RETURN ON AVERAGE EQUITY (ROE)
Profit after tax less preferred share dividends if any, expressed as a percentage of average ordinary shareholders’ equity.
REVENUE RESERVES
Reserves set aside for future distribution and investment.
REVERSE REPURCHASE AGREEMENT
Transaction involving the purchase of government securities by a bank or dealer and resale back to the seller at a given price on a specific future date.
RIGHTS ISSUE
Issue of shares to the existing shareholders at an agreed price, generally lower than market price.
RIGHT-OF-USE ASSET (ROU)
ROU asset is a lessee’s right to use an asset over the life of a lease. The asset is calculated as the initial amount of the lease liability, plus any lease payments made to the lessor before the lease commencement date, plus any initial direct costs incurred, minus any lease incentives received.
RISK-WEIGHTED ASSETS
Used in the calculation of risk-based capital ratios. The face amount of assets is discounted using risk weighting factors in order to reflect a comparable risk per rupee among all types of assets. The risk inherent in commitment & contingencies is also recognised, first by adjusting notional values to Statement of Financial Position (or credit) equivalents and then by applying appropriate risk weighting factors.
SEGMENTAL ANALYSIS
Analysis of financial information by segments of an enterprise specifically, the different industries and the different geographical areas in which it operates.
SHAREHOLDERS’ FUNDS
Total of issued and fully paid share capital and capital and revenue reserves.
STATUTORY RESERVE FUND
A capital reserve created as per the provisions of the Banking Act No. 30 of 1988.
SUBSIDIARY
A Subsidiary is an entity that is controlled by another entity.
SUBSTANCE OVER FORM
The consideration that the accounting treatment and the presentation in financial statements of transactions and events should be governed by their substance and financial reality and not merely by legal form.
TOTAL CAPITAL (CAPITAL BASE)
Capital base is summation of the core capital (Tier I) and the supplementary capital (Tier II).
TOTAL TIER I CAPITAL
Total Tier I Capital consists of Common Equity Tier I Capital (CET I) and Additional Tier I Capital (AT I).
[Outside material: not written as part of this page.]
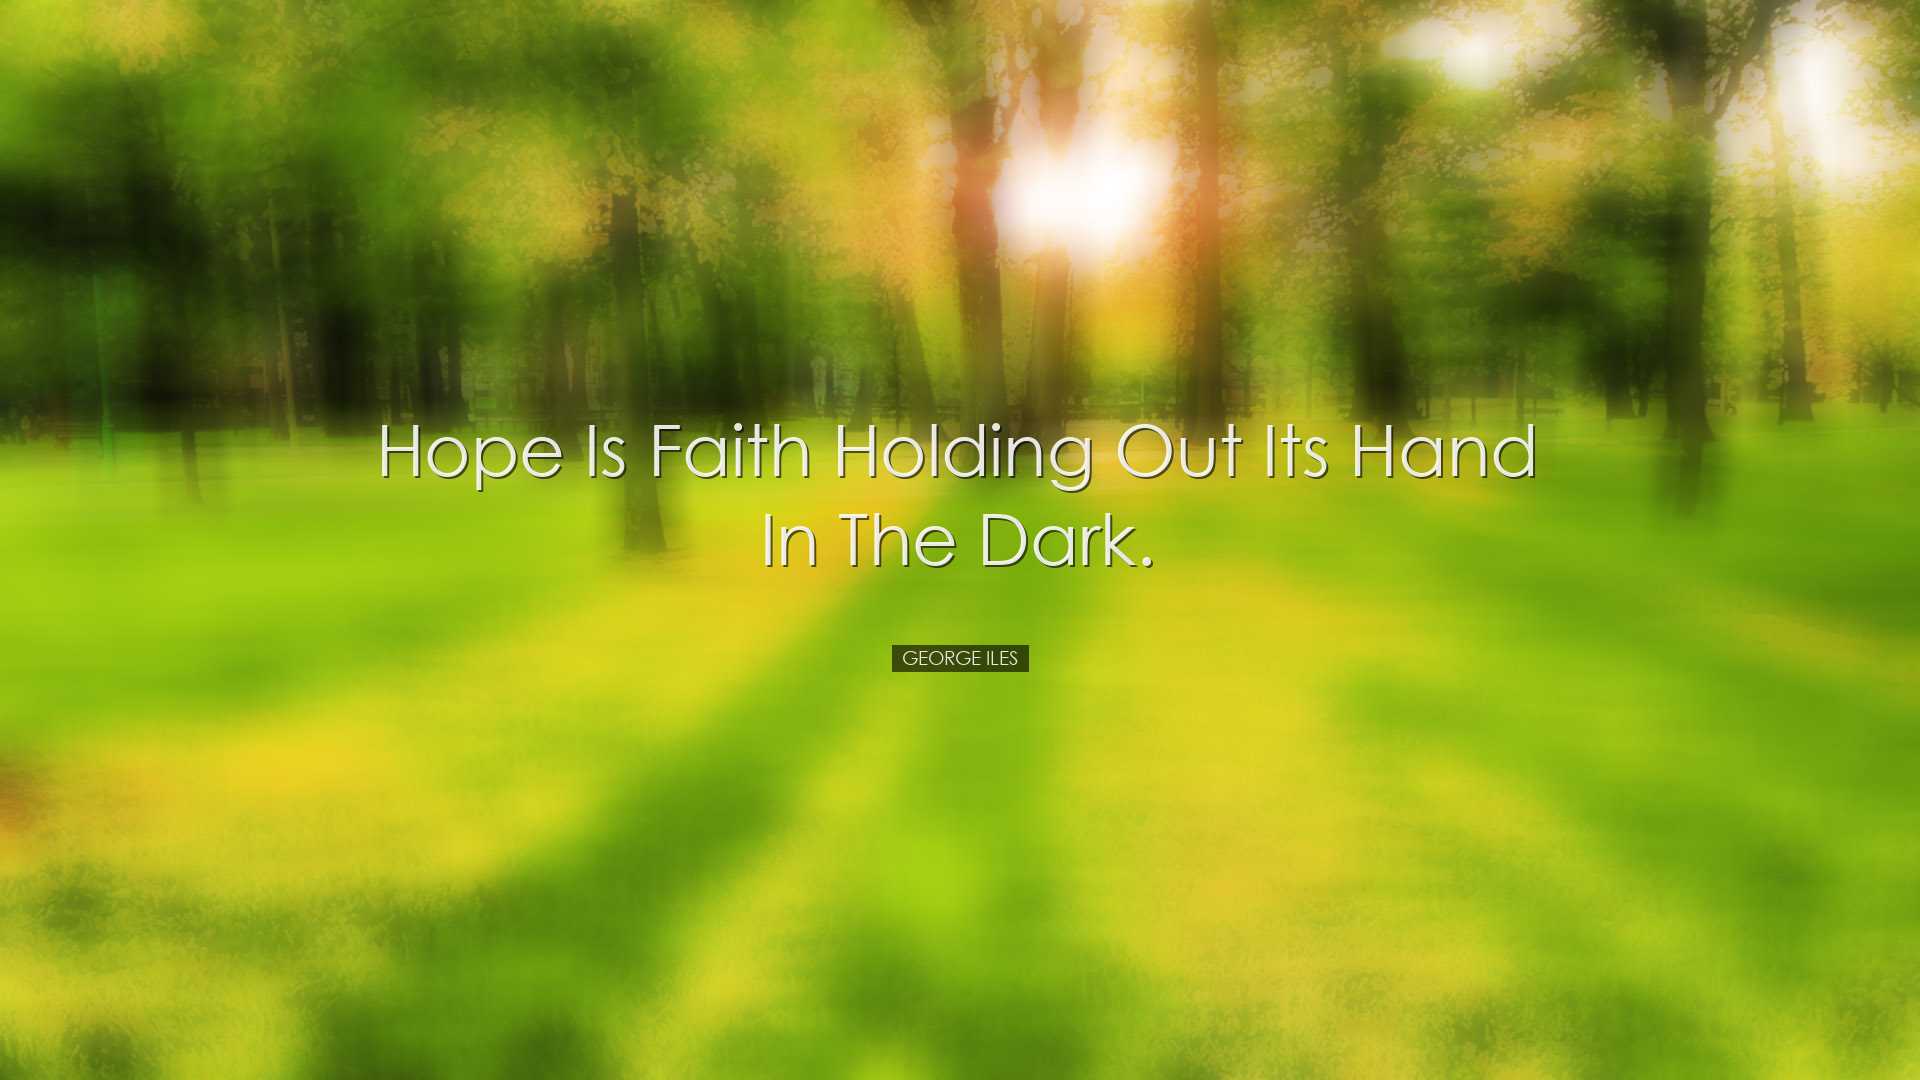 Hope is faith holding out its hand in the dark. - George Iles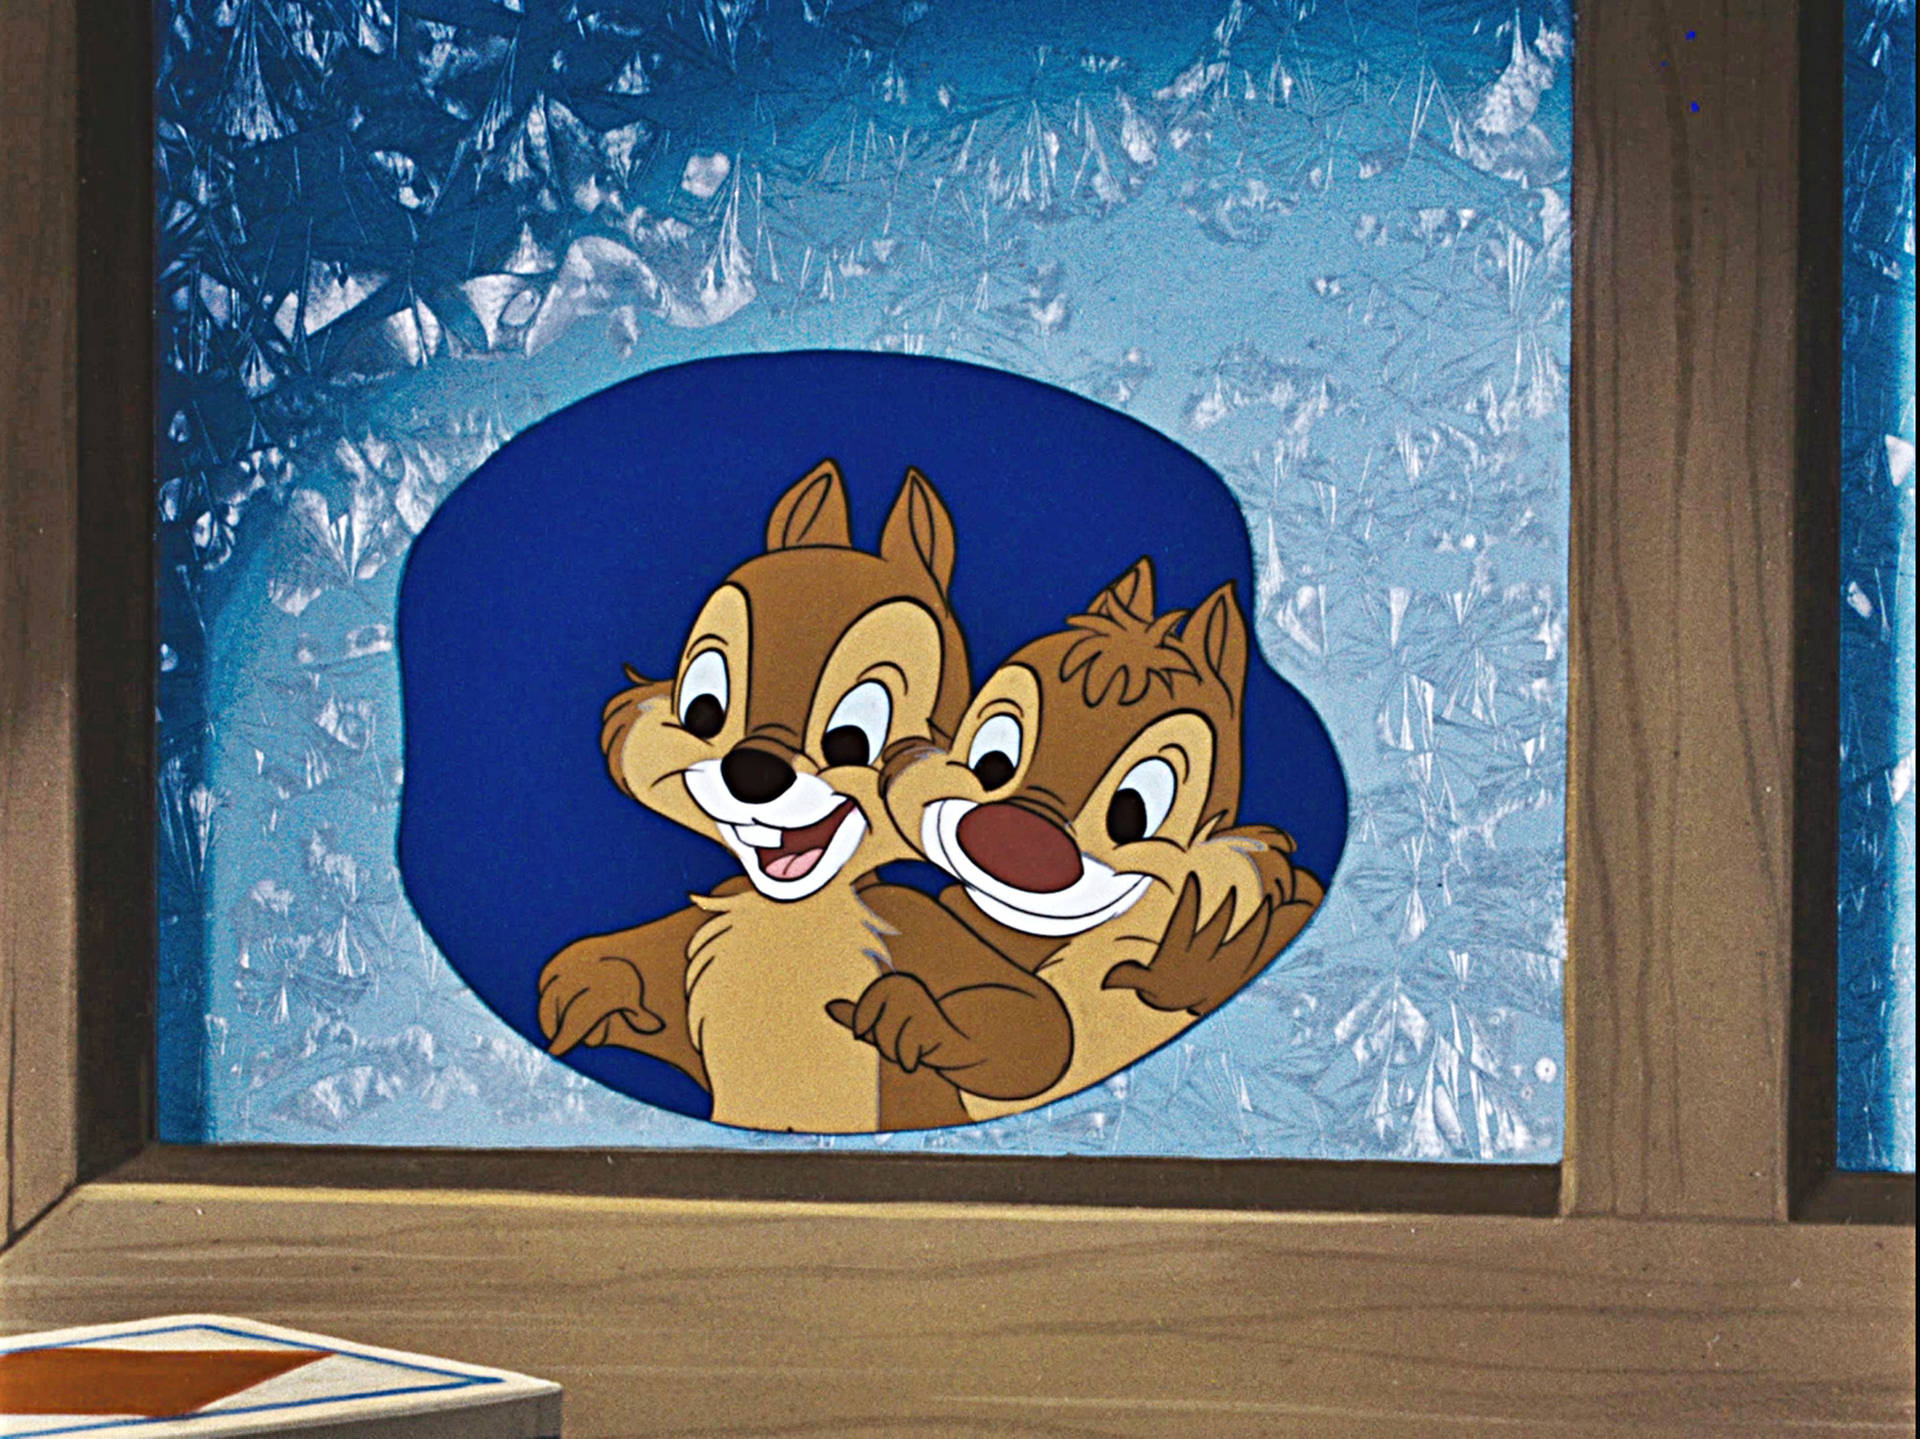 Free Chip N Dale Wallpaper Downloads, [100+] Chip N Dale Wallpapers for FREE

TWELVE MONTH EXPECTED CREDIT LOSSES
The portion of lifetime expected credit losses that represent the expected credit losses that result from default events on a financial instrument that are possible within the 12 months after the reporting date.
UNIT TRUST
An undertaking formed to invest in securities under the terms of a trust deed.
USEFUL LIFE
Useful life is the period over which an asset is expected to be available for use by an entity or the number of production or similar units expected to be obtained from the asset by an entity.
VALUE ADDED
Wealth created by providing banking and other services less the cost of providing such services. The value added is allocated among the employees, the providers of capital, to government by way of taxes and retained for expansion and growth.
VOSTRO ACCOUNT
A local currency account maintained by a local bank for a foreign (correspondent) bank. For the foreign bank, it is a Nostro account. The domestic bank acts as custodian or manages the account of a foreign counterpart.
YIELD TO MATURITY
Discount rate at which the present value of future payments would equal the security’s current price.